▶ DATASET EXCERPT
☆ ☆ ☆ ☆ ☆ ☆ ☆

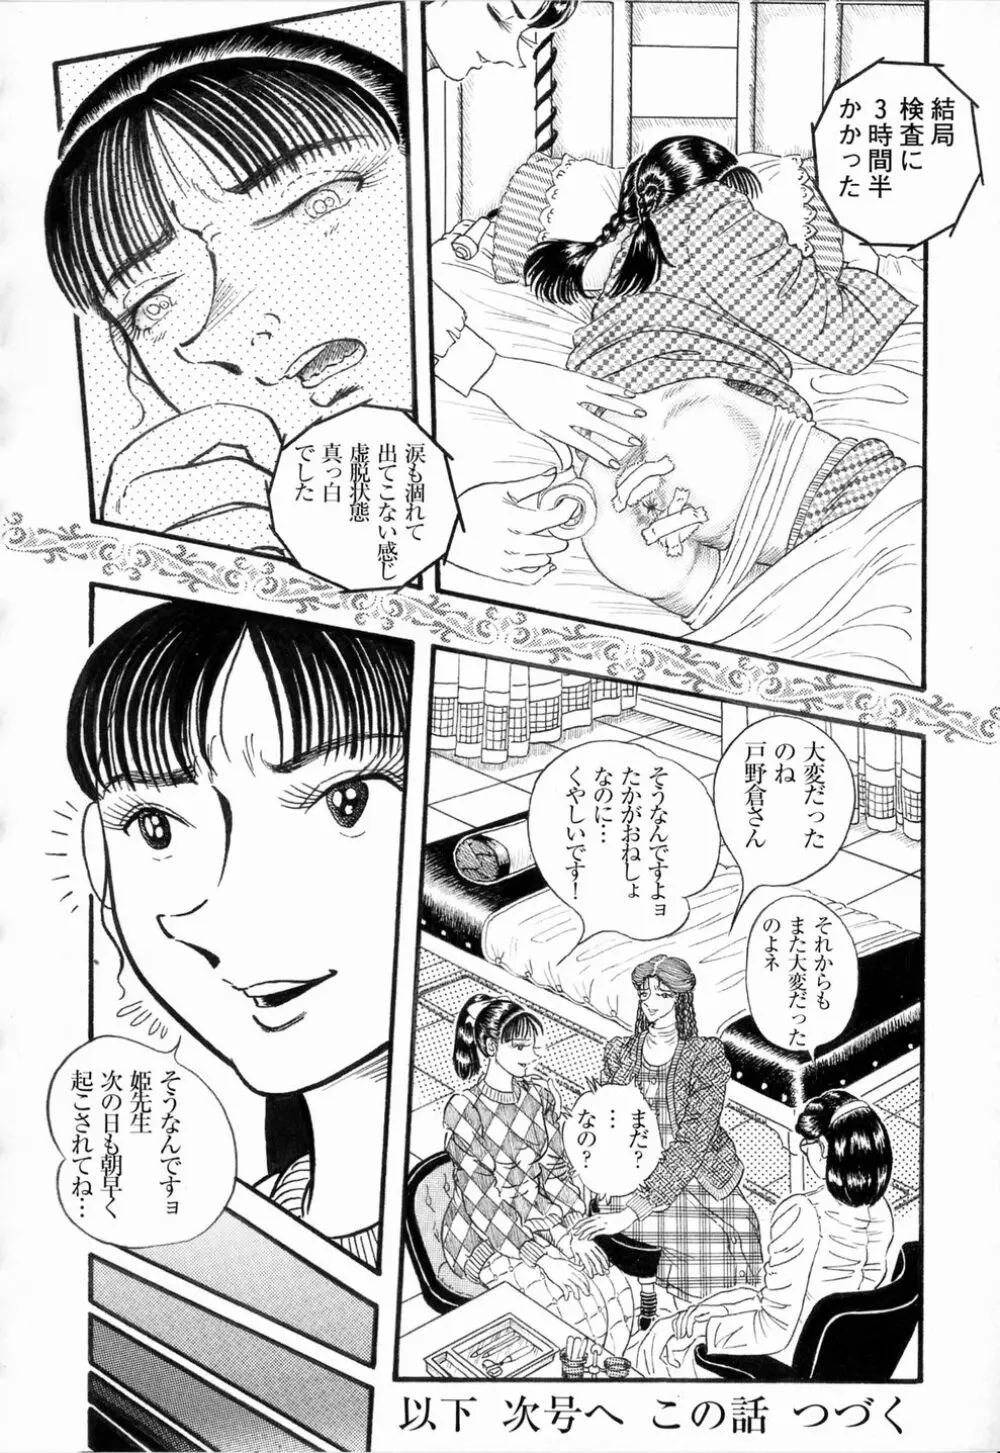 Hashimoto Iin Shinsatsu Note – Yuuko no Jijou Nami no Jijou 16ページ
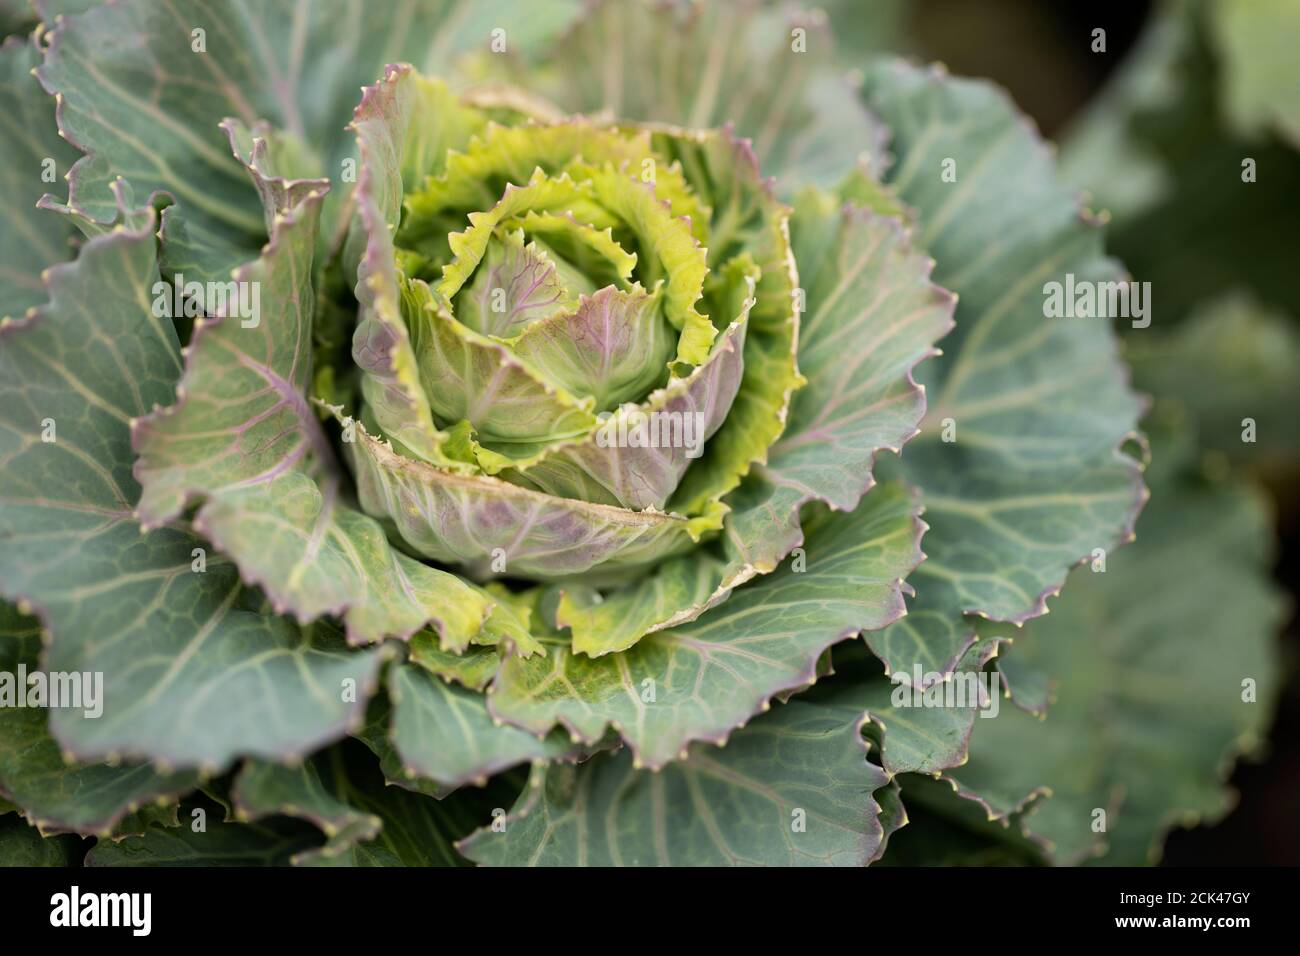 Kale ornamentale fiorito (Brassica oleracea) in varietà Pigeon Victoria Pink, che cresce in un giardino ad Acton, Massachusetts. Foto Stock
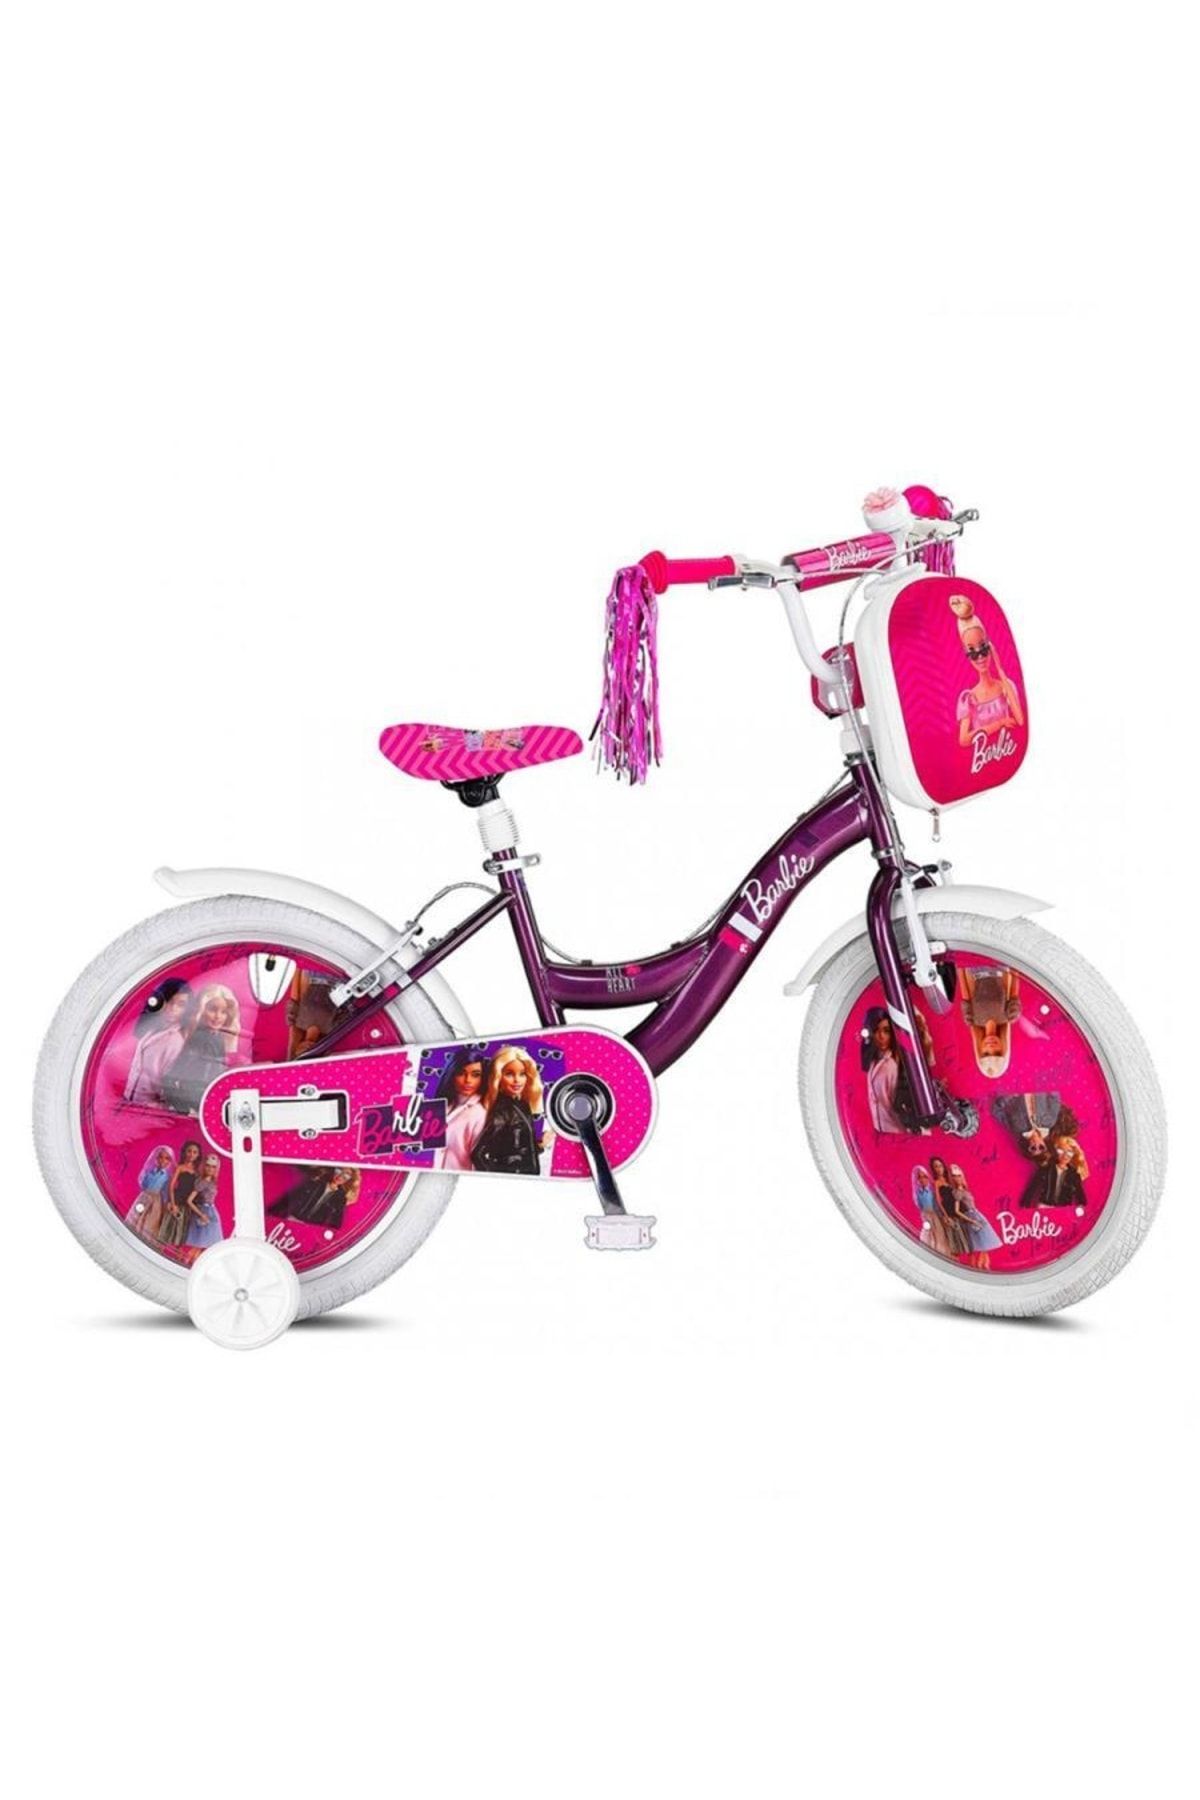 Genel Markalar 2043 Barbie 20 Jant Bisiklet

☆ ☆ ☆ ☆ ☆ ☆ ☆

▶ YOUR TASK
Transcribe the span of lines that runs from the line with "Kale ornamentale fiorito" to the end of the data, both ends included, exactly, with nothing else and no pictures.

▶ ANSWER TO THE PROBLEM
 Kale ornamentale fiorito (Brassica oleracea) in varietà Pigeon Victoria Pink, che cresce in un giardino ad Acton, Massachusetts. Foto Stock
 Genel Markalar 2043 Barbie 20 Jant Bisiklet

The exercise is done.